◆ **TASK GOAL**: Output must consist only of the lines of the material below from the one with "2 new restaurants" through the one with "nest bedding organic latex", each reproduced exactly; no pictures belong in it.

◆ **GIVEN DATA**:
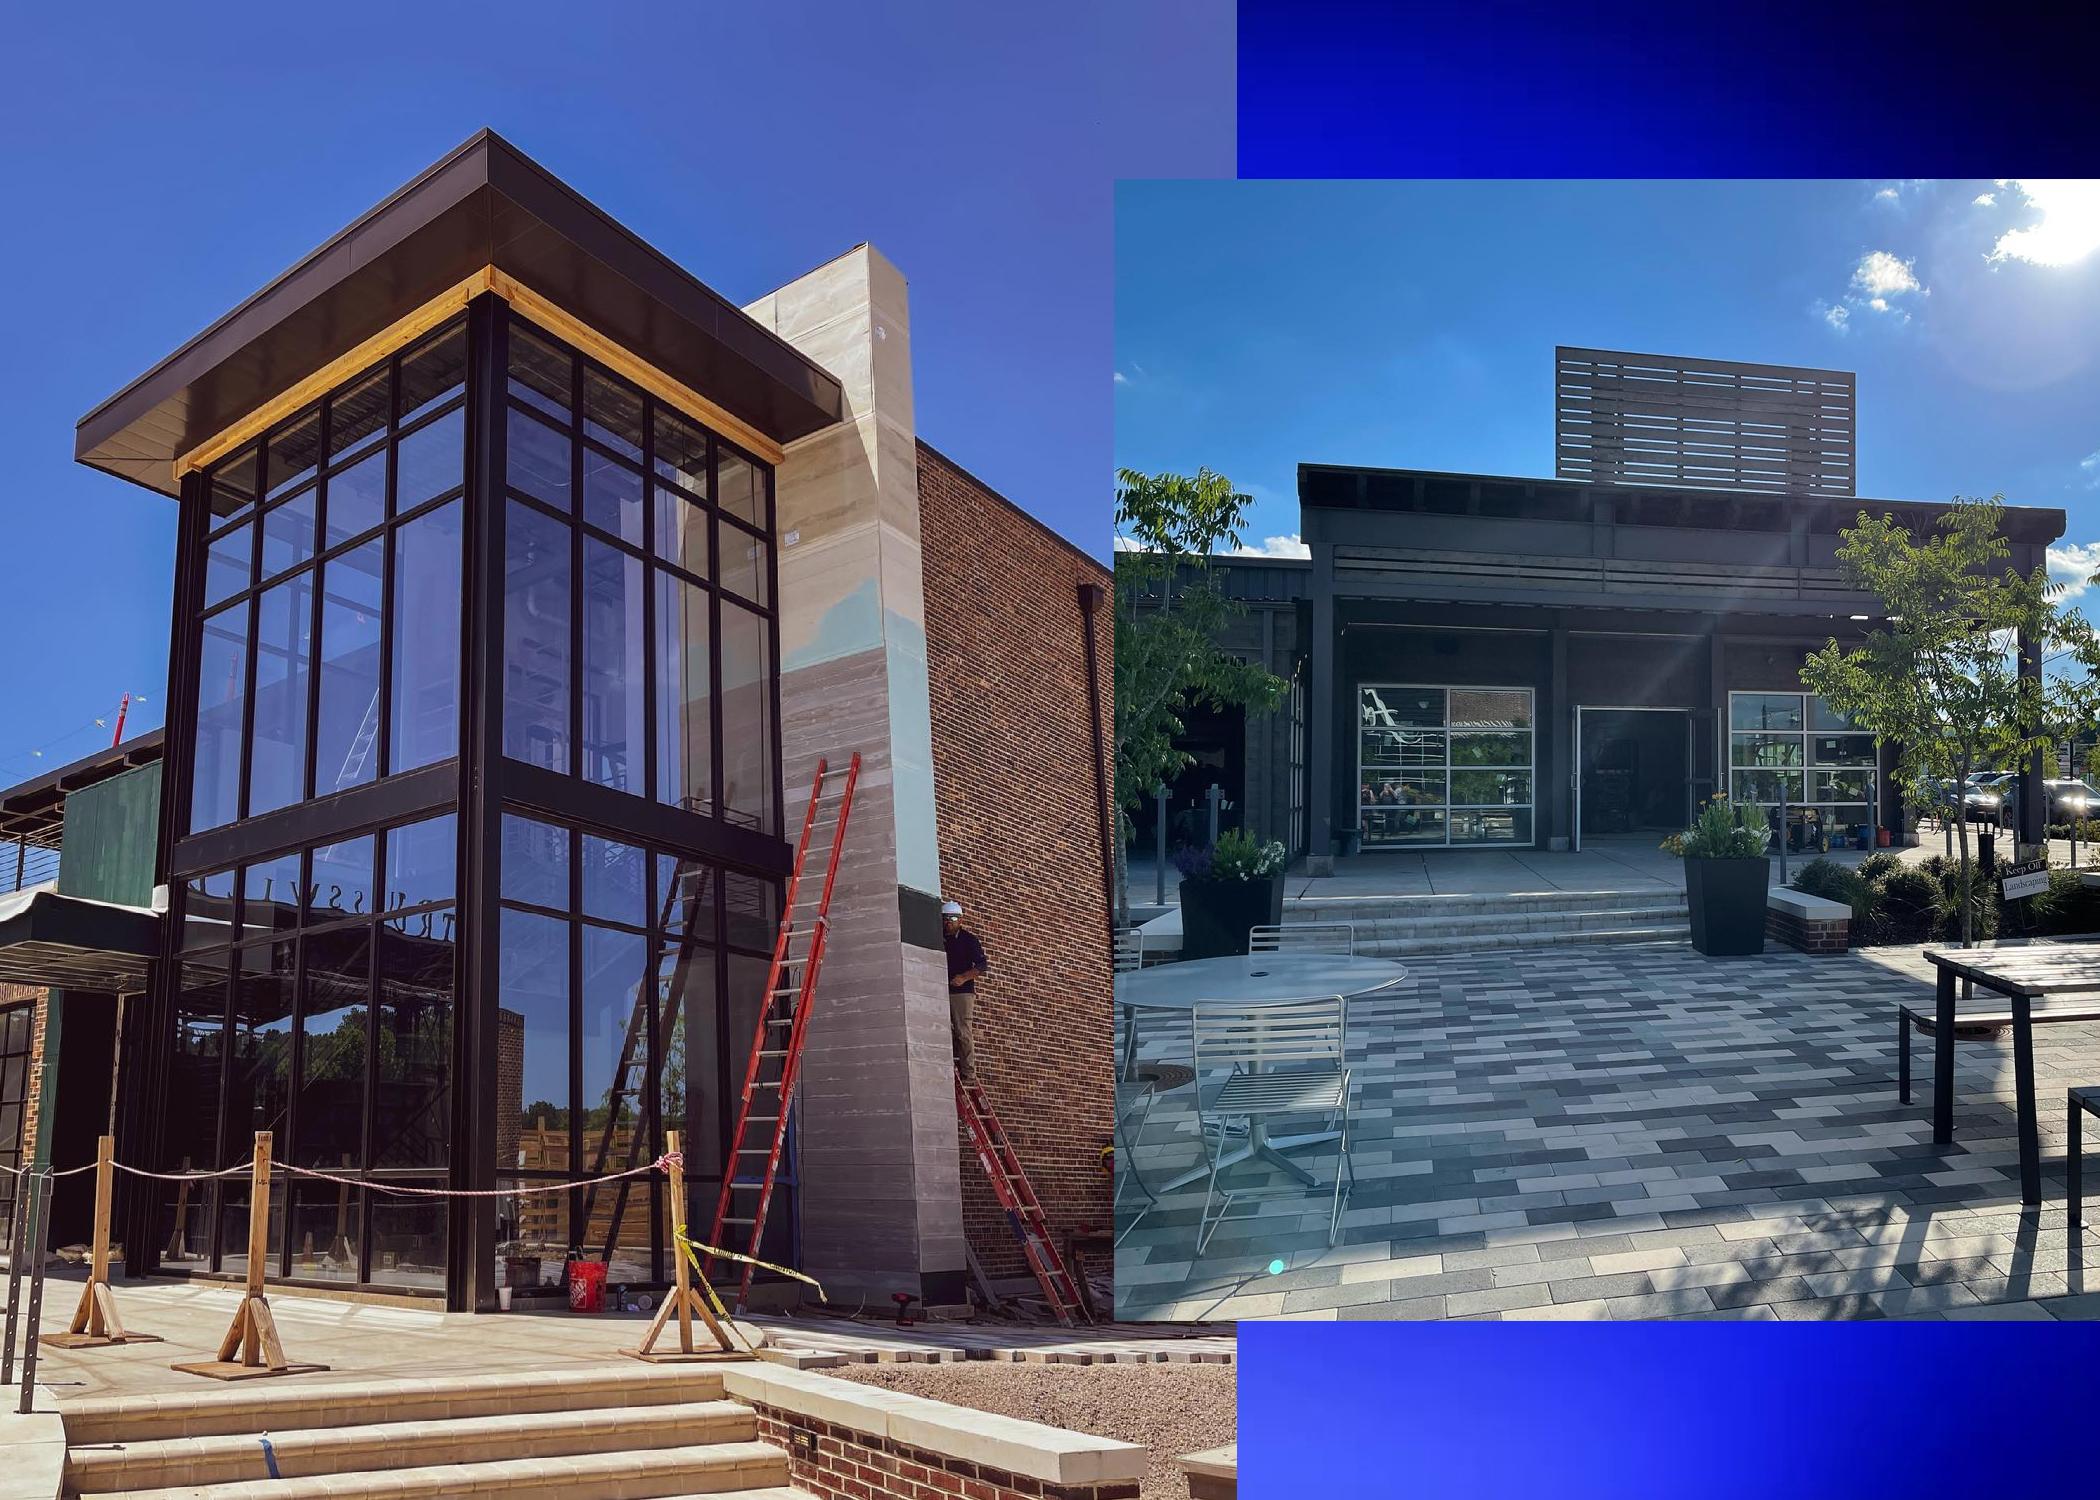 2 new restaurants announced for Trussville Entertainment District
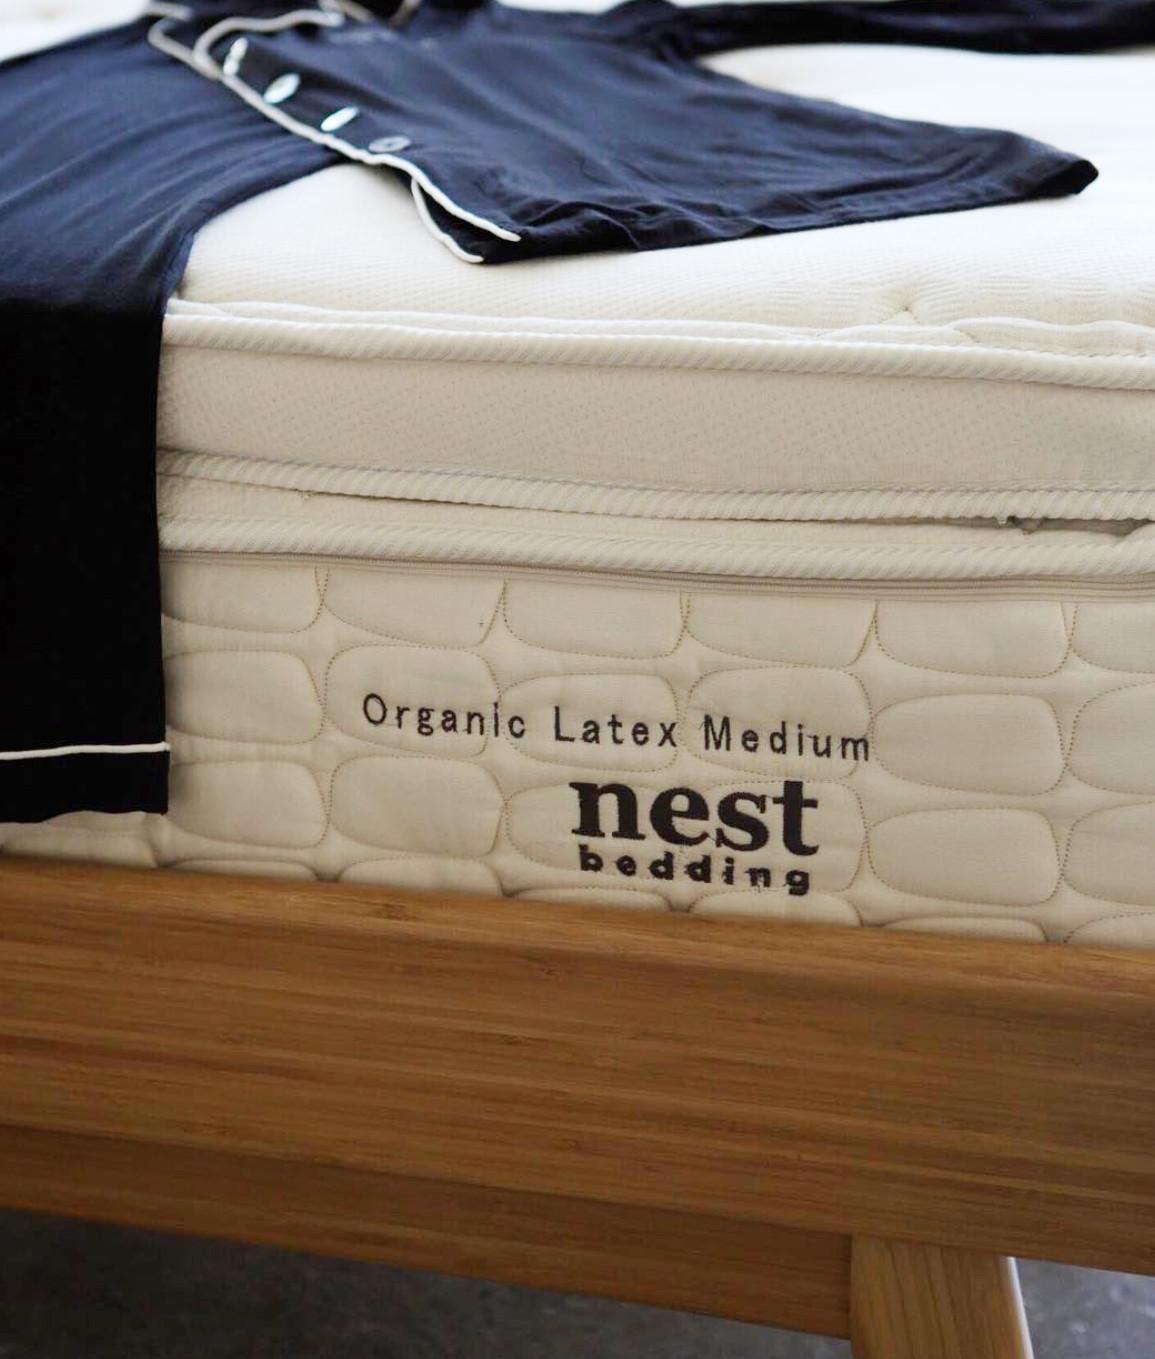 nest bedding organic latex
==
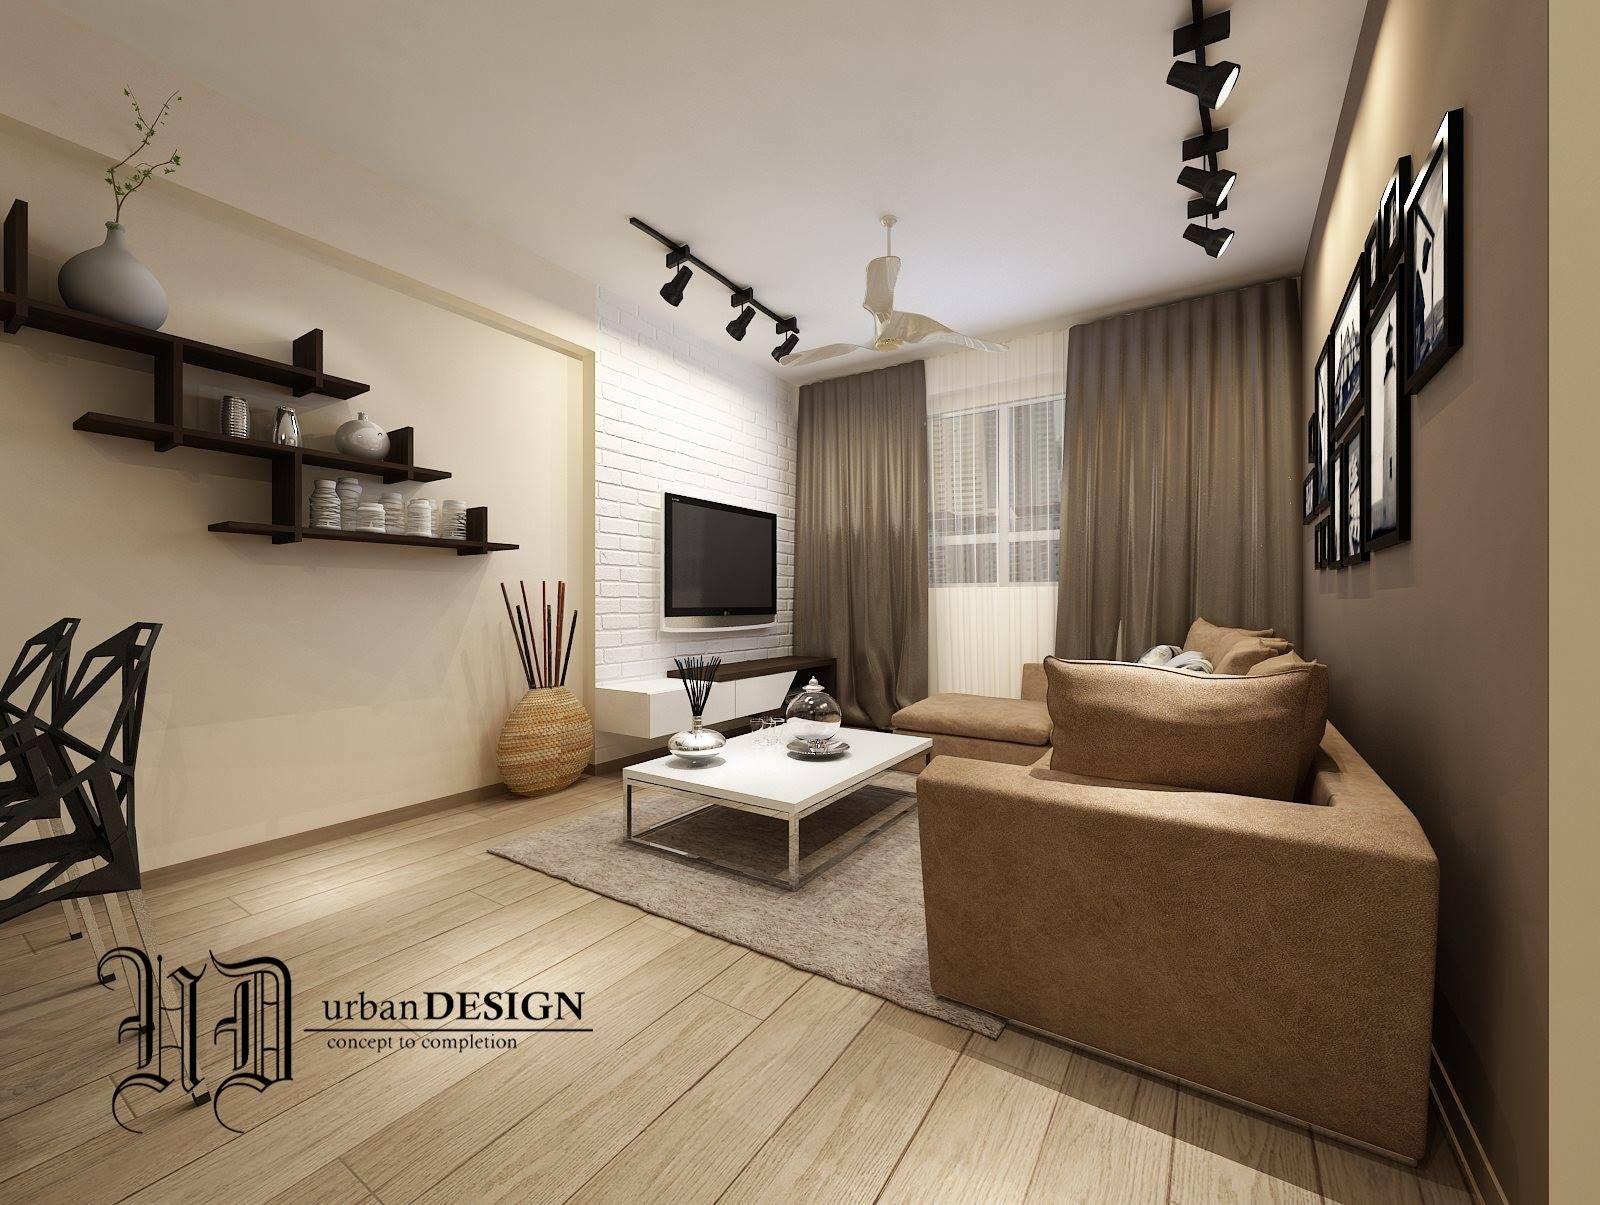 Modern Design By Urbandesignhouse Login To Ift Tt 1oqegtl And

◆ **ANSWER**:
 2 new restaurants announced for Trussville Entertainment District
 nest bedding organic latex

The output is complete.